Just like users "used" the toolbar API back in the Internet Explorer 6 days? Used as in they got the toolbar foisted on them while installing some crapware.
The notifications API is the same. How many of those "uses" are legitimate uses that users consciously want, and how many of them are misclicks or just clicking yes to dismiss the prompt so they can access the content they wanted in the first place?
In my case there's only one website I can think of where I want notifications from my browser: Slack. I can understand that some people might want them for e-mails, social networks, etc but even then that's only like a dozen or so websites. In contrast there more websites than that which use notifications for spammy/annoying/unnecessary purposes, and sadly some people do fall for them and then get their time wasted by these notifications.

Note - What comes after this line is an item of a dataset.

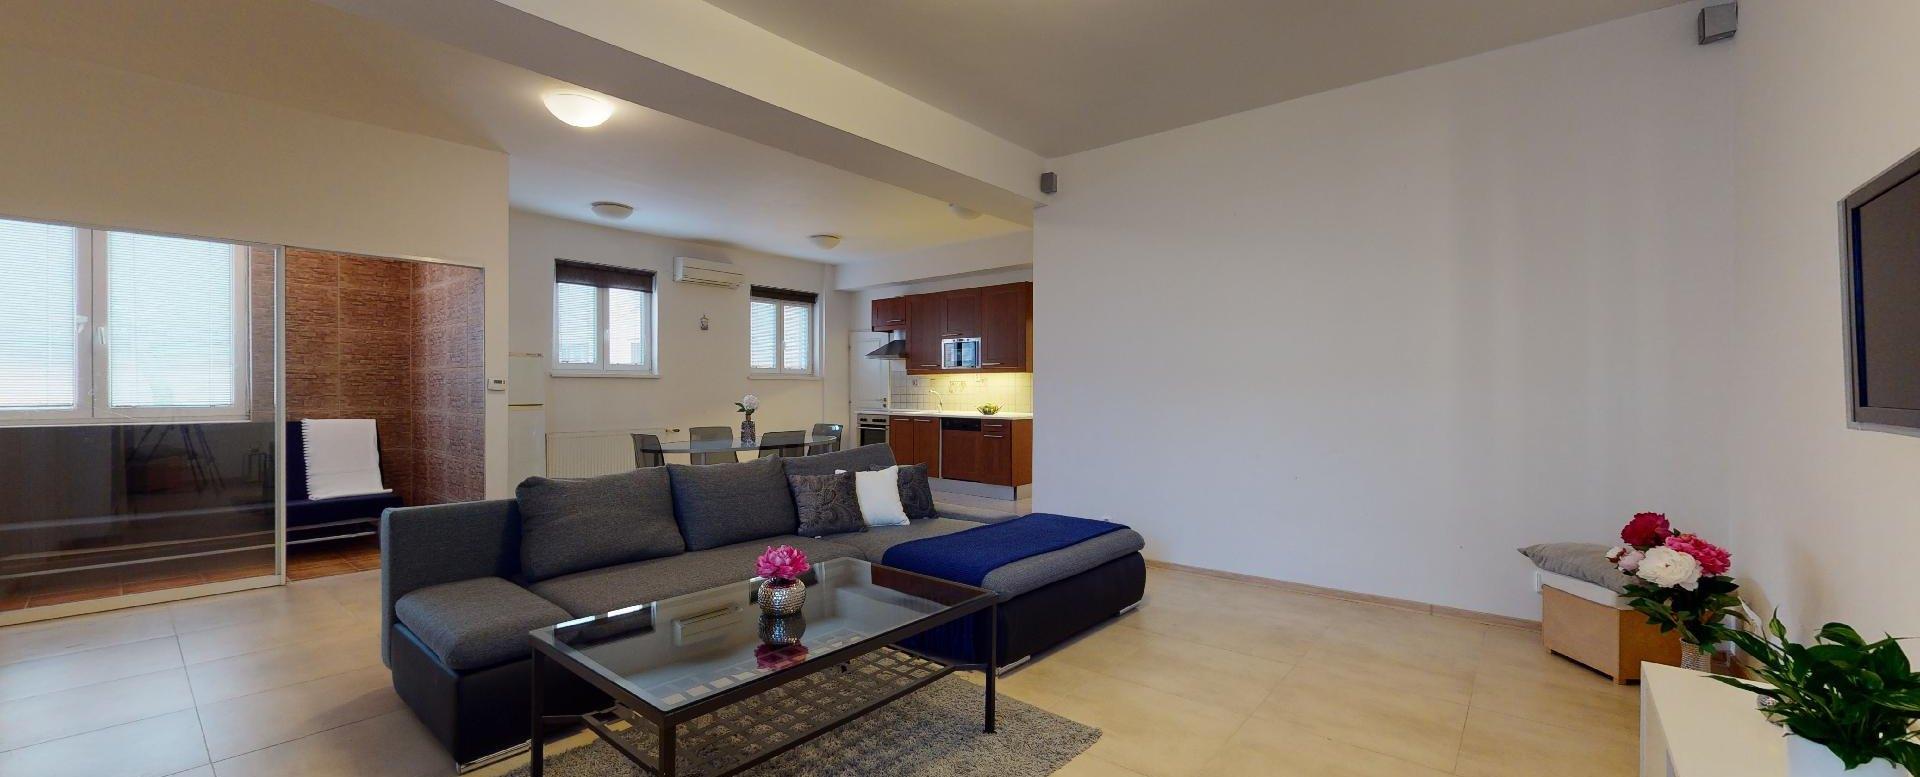 Pohľad na obývaciu izbu s kuchyňou 2-izbového bytu v Manderláku

In a perfect world where nobody would try to take advantage of people I would totally want web notifications to be a thing because there's basically no downside (websites won't try to use them for spam) and potential upsides.
In a world where it's not only legal but morally acceptable to take advantage of people, waste their time, stalk them, etc (there's a whole industry around this called "martech") I would happily sacrifice the few legitimate uses of web notifications if it means non-technical users can't accidentally opt-into crap and then have their time wasted by spam because they don't know how to opt-out.
First of all, that's backwards. These features had to land before anyone could use them. Users can't use them before they land, so they couldn't have landed because they were being used.
Second, how can you know if these features are widely used or not? There's been lots of technologies that have been added to web browsers over the years that weren't widely used, and were later removed.
There are people who want to be spied by social networks to have a pair of free shoes and post pictures of them online
It doesn't mean it's the right thing to do for society
Browsers have gone far beyond their purpose in an inorganic way
It's like if my alarm suddenly started making coffee, toasts, working as remote and the new planned feature was the ability to warm itself up and iron my shirts
And it would still be a fraction of what browsers do today
To clarify, most of these work by asking for permission first, and you can set them to "always deny" in the browser settings: chrome://settings/content
There are similar site content settings in any major browser.
There are a ton of features that browsers have added, and then tossed because no one used them. As well as features the browser vendors wish they could get rid of, but can't because too many sites made use of them.